Критика режима на уровне пионерской организации была совершенно безопасной не только и не столько в силу ничтожности объекта критики, сколько в силу того, что объект этот подчеркнуто выводился — ради показательной порки — за пределы системы. Все те грани, которыми могла повернуться к зрителю школа — как социальный институт, как образовательная среда и как потенциальная модель общества в целом, — сводятся здесь к одной-единственной воспитательной функции, а та, в свою очередь, редуцируется к подчеркнуто «детскому» и нелепому образу «официальной стайности». При этом все остальные аспекты и элементы системы показываются как вполне эффективные и противопоставляются объекту порки. В самом начале фильма мы видим канонический для сталинского кино позитивный образ учительницы, со всех сторон окруженной детьми, которые тянутся к ней и как к носительнице неоспоримых истин, и как к воплощению по-матерински трогательной заботы Родины о каждом гражданине (эта же учительница, Евгеша, в середине картины проявит искреннюю заботу о Кольке). В конце фильма те же дети такой же плотной массой окружают пионервожатую, старательно имитируя плакатное благолепие, а в действительности пытаясь воспрепятствовать ей в осуществлении бесчеловечного замысла. По сути, сами ученики выступают в роли своеобразных лейкоцитов, отторгающих чужеродный и болезнетворный элемент.
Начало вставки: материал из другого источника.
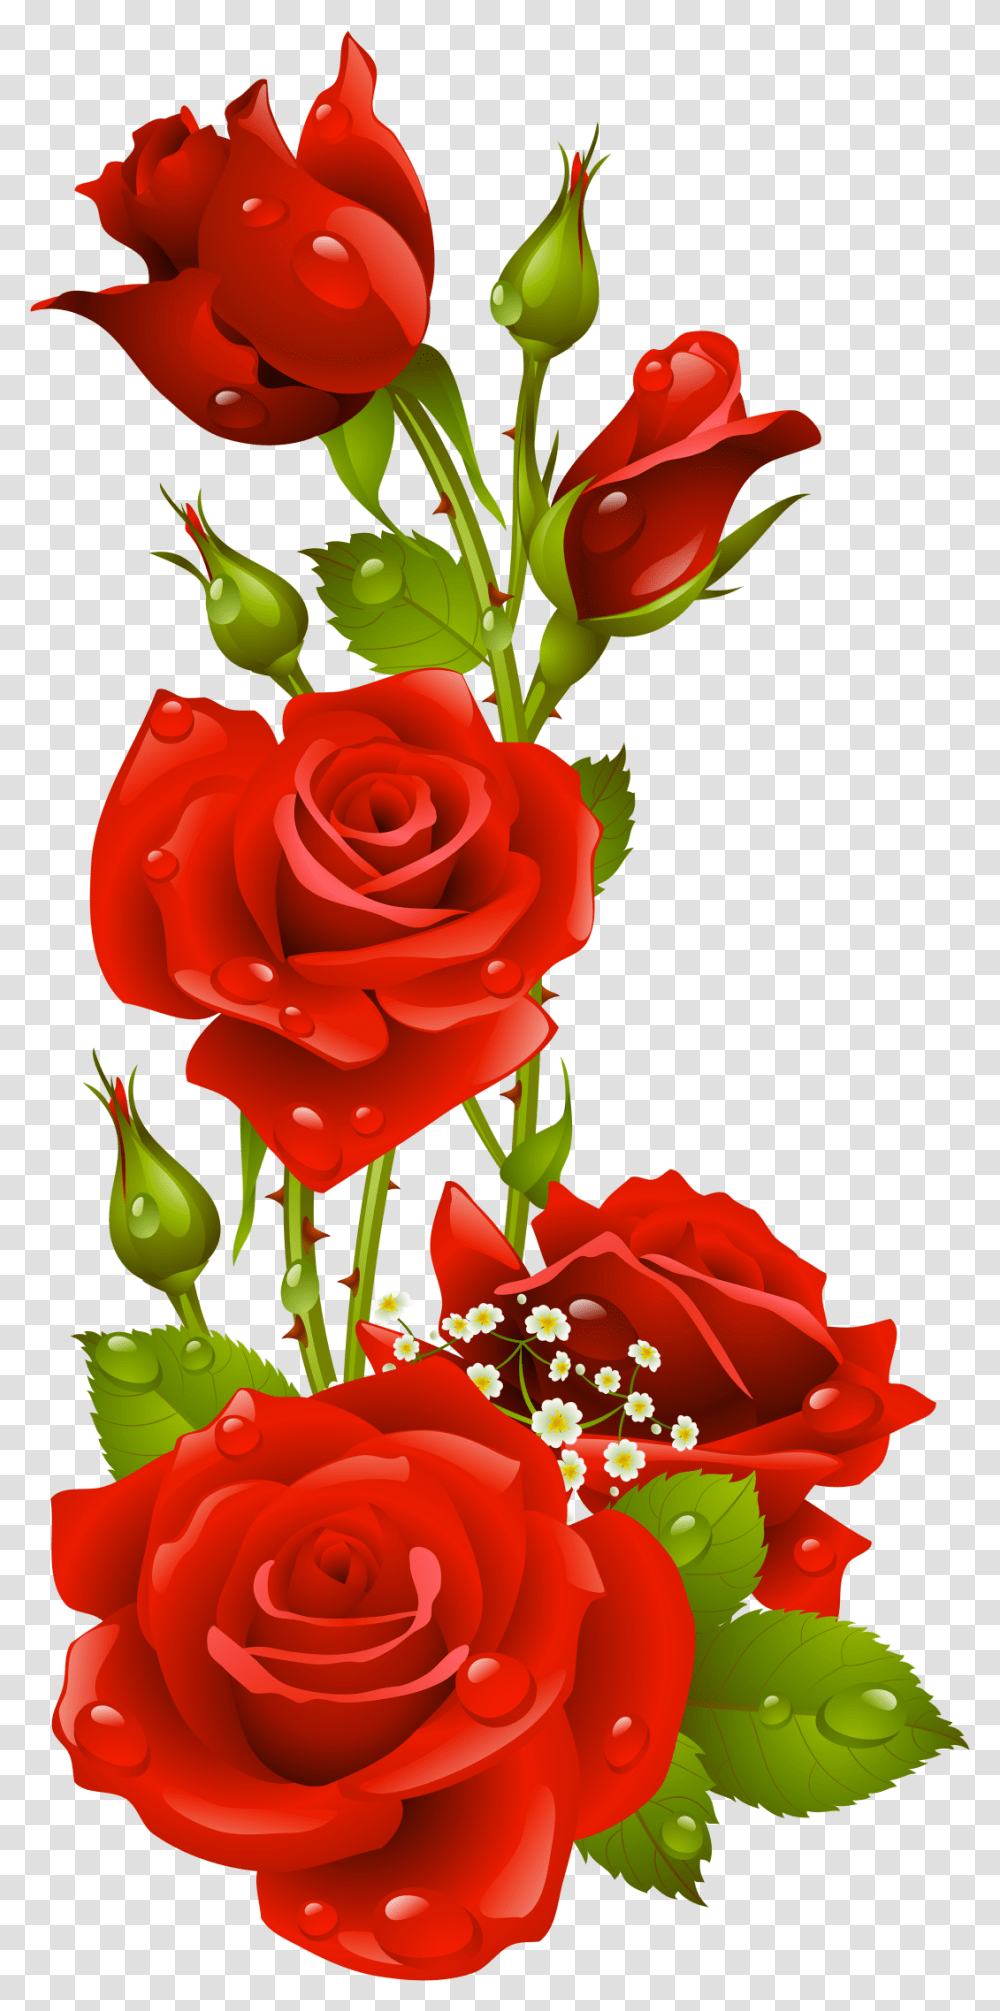 Papel De Carta Em Rosas Vermelhas, Rose, Flower, Plant, Blossom Transparent Png

Ряд дополнительных линий, четко ориентированных на обслуживание доминирующей идеологии, проводится через вполне очевидное неприятие дворовой, хулиганской (а под конец и вовсе смыкающейся с криминалом) «стайности». Если «стайность» официальная, связанная с пионерской организацией, воспринимается и подается как системная ошибка, как дефективная часть «нашей» реальности, нуждающаяся в выявлении и корректировке, то другая стая, которая пытается сбить протагониста с пути истинного, обозначает собой сферу «чуждых веяний», куда скопом помещены и полууголовная дворовая культура, и культурные влияния с растленного Запада, элементы «красивого» образа жизни, ассоциируемого с советской номенклатурой (которая, будучи одной из базовых систем советского общества, не могла не вызывать законного раздражения у широкой публики и посему назначалась «чуждой»).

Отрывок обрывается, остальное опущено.